Exercise aim — Return all of the data verbatim, dropping any picture.
(Data provided)
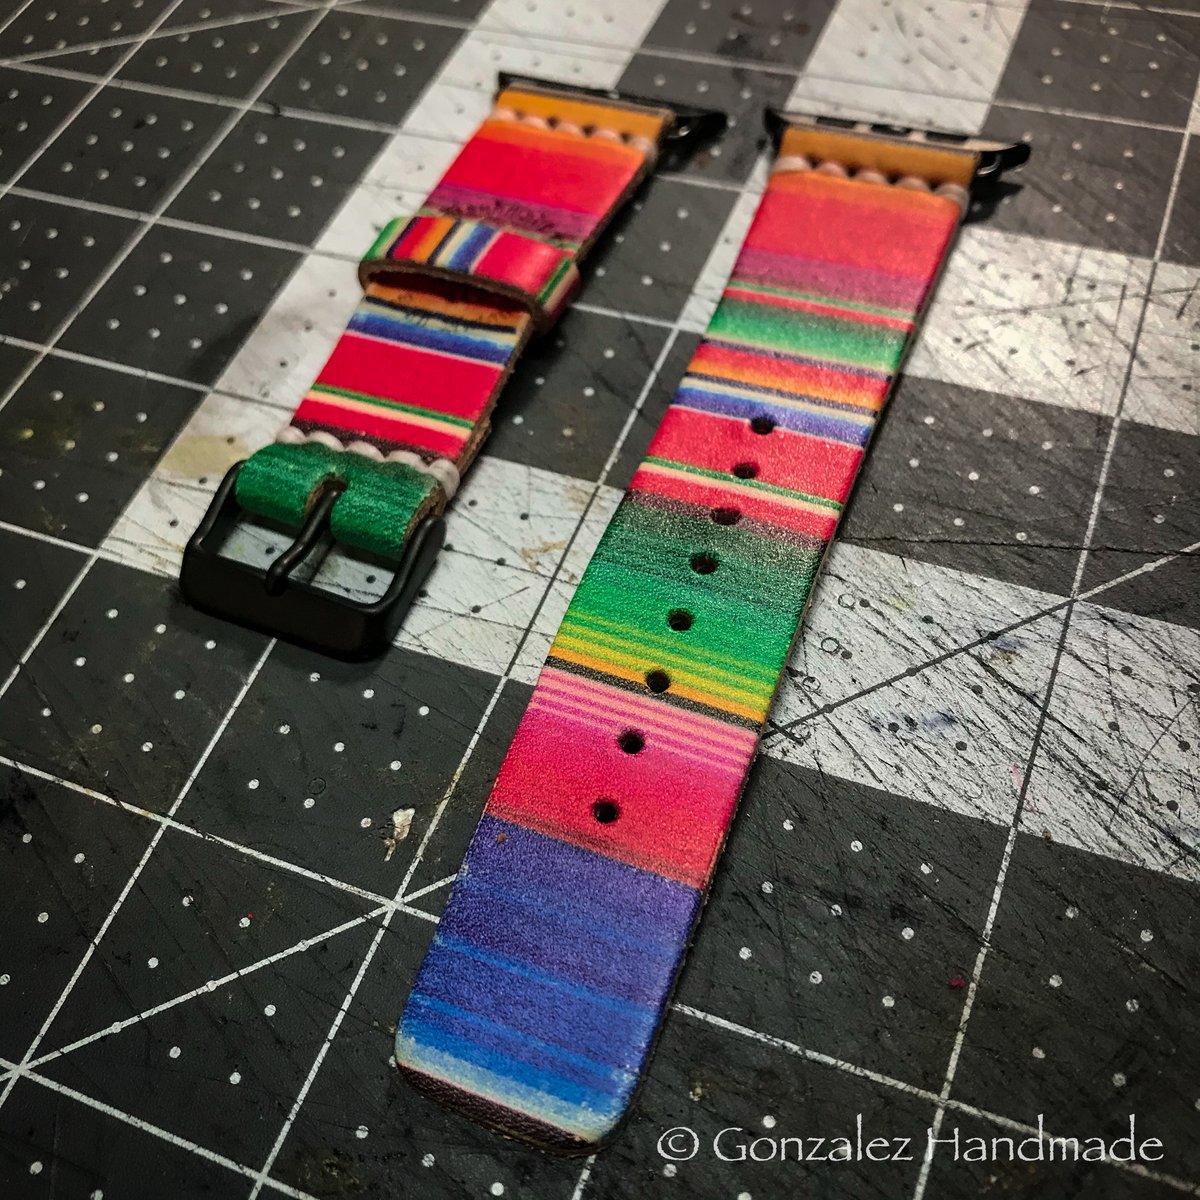 Image of 38/40 or 42/44 Serape Apple Watch Bands
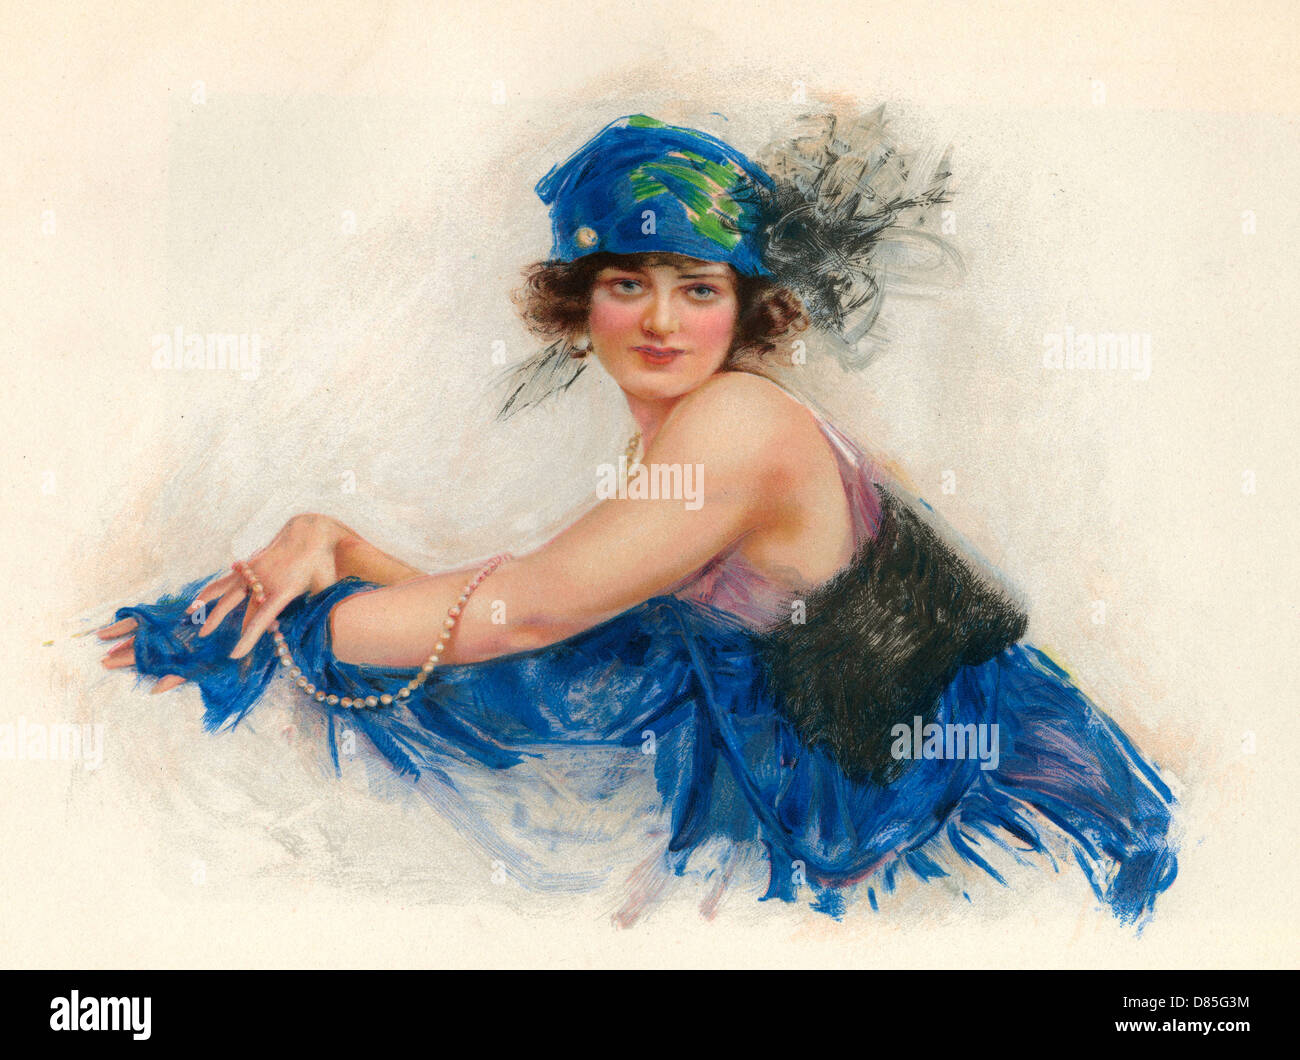 Woman wearing blue headscarf with plumes 1920s Stock Photo
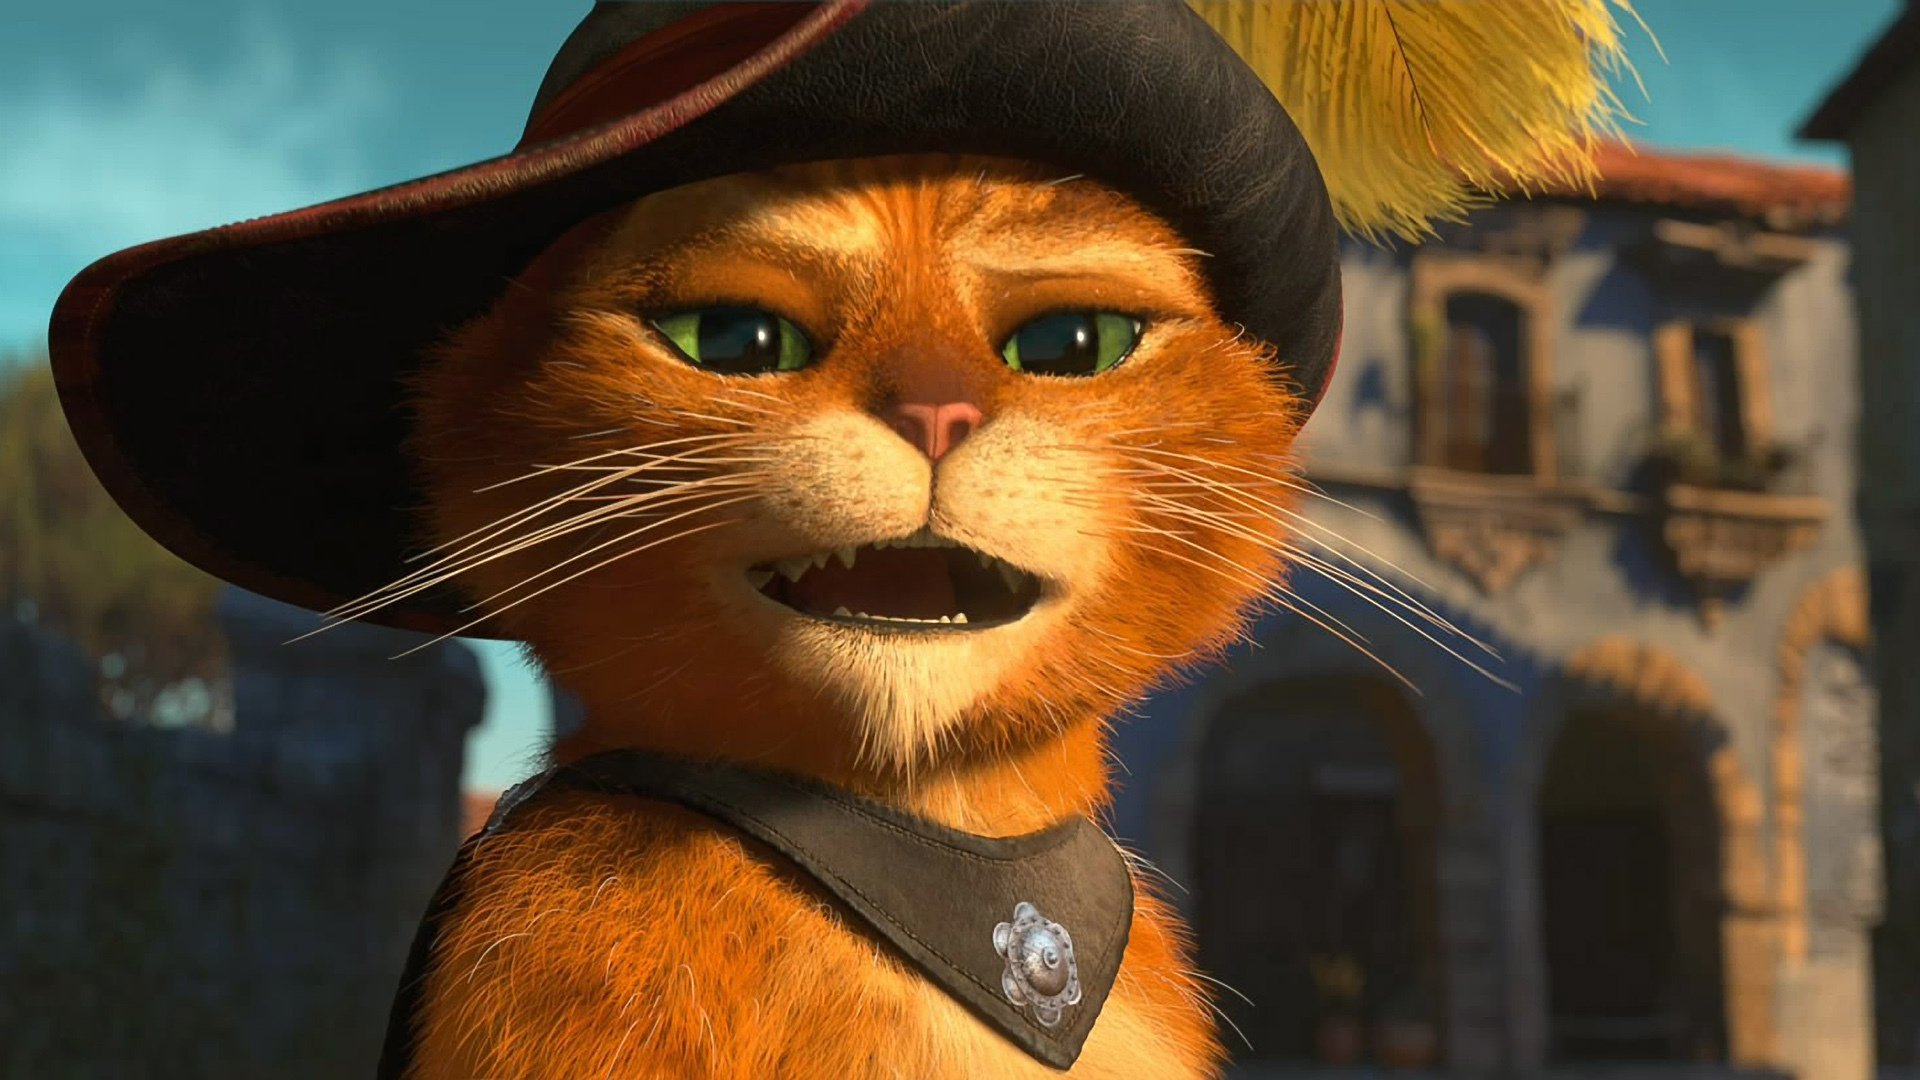 Puss in Boots Voiced By Antonio Banderas Full HD Wallpaper and
(End Data provided)
Task solution —
 Image of 38/40 or 42/44 Serape Apple Watch Bands
 Woman wearing blue headscarf with plumes 1920s Stock Photo
 Puss in Boots Voiced By Antonio Banderas Full HD Wallpaper and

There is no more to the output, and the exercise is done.